Bert: Reduce prediction time for question answering

Created on 28 Feb 2019 · 9Comments · Source: google-research/bert

Hi,

i am executing BERT solution on machine with GPU (Tesla K80 - 12 GB) . for question answering prediction for single question is taking more than 5 seconds. Can we reduce it to below 1 second.
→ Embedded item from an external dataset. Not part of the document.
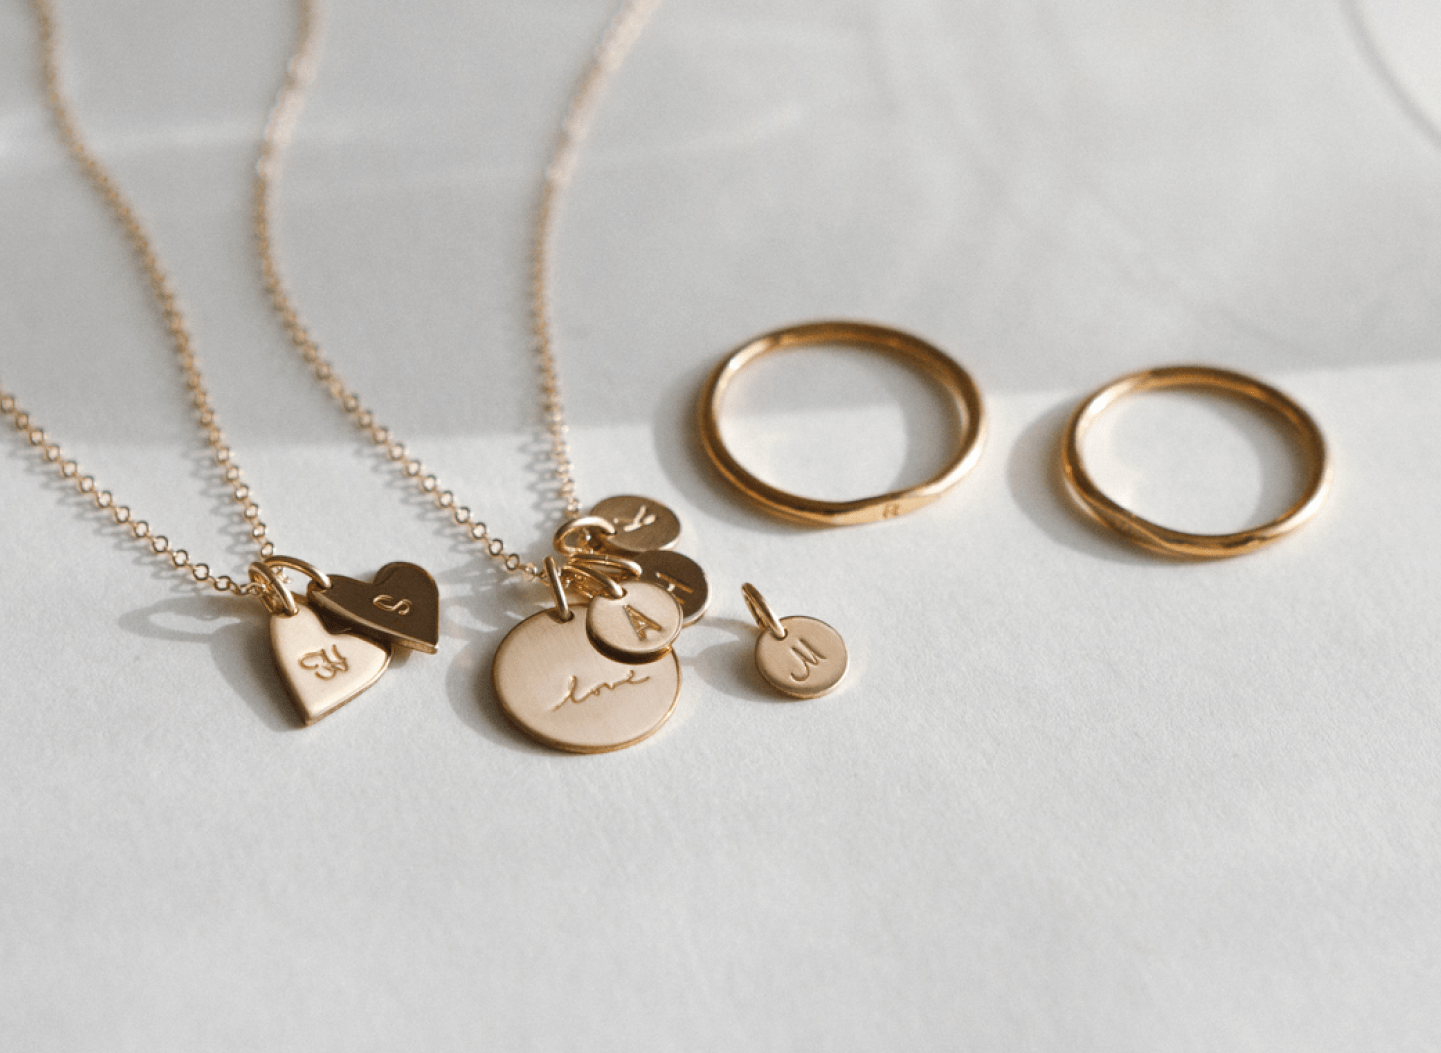 From left: Maude Heart Necklace, Bennett Necklace & Extra Yue Tag, Micro Signet Ring

Do we need to configure any thing to make it possible ?

Thank you

Source

shivamani-ans

👍1

Most helpful comment

That's how estimator is working. I managed to export it as pb but didn't have time to test it yet. I used
```
def serving_input_fn():
unique_ids = tf.placeholder(tf.int32, [None], name='unique_ids')
input_ids = tf.placeholder(tf.int32, [None, max_seq_length], name='input_ids')
input_mask = tf.placeholder(tf.int32, [None, max_seq_length], name='input_mask')
segment_ids = tf.placeholder(tf.int32, [None, max_seq_length], name='segment_ids')
input_fn = tf.estimator.export.build_raw_serving_input_receiver_fn({
'unique_ids': unique_ids,
'input_ids': input_ids,
'input_mask': input_mask,
'segment_ids': segment_ids,
})()
return input_fn

save_hook = tf.train.CheckpointSaverHook("google_bertbert_large", save_secs=1)
estimator.predict(input_fn=predict_input_fn, hooks=[save_hook])
estimator._export_to_tpu = False

now you will get graph.pbtxt which is used in SavedModel, and then

estimator.export_savedmodel(export_dir_base="export", serving_input_receiver_fn=serving_input_fn,checkpoint_path=init_checkpoint)
```

anasuna on 1 Mar 2019

👍2

All 9 comments

You have the problem where the model is loaded again from the start?

anasuna on 28 Feb 2019

Yes

for example i have 5 questions which are from parallel requests, for every request model get loads and response is more than 5 seconds.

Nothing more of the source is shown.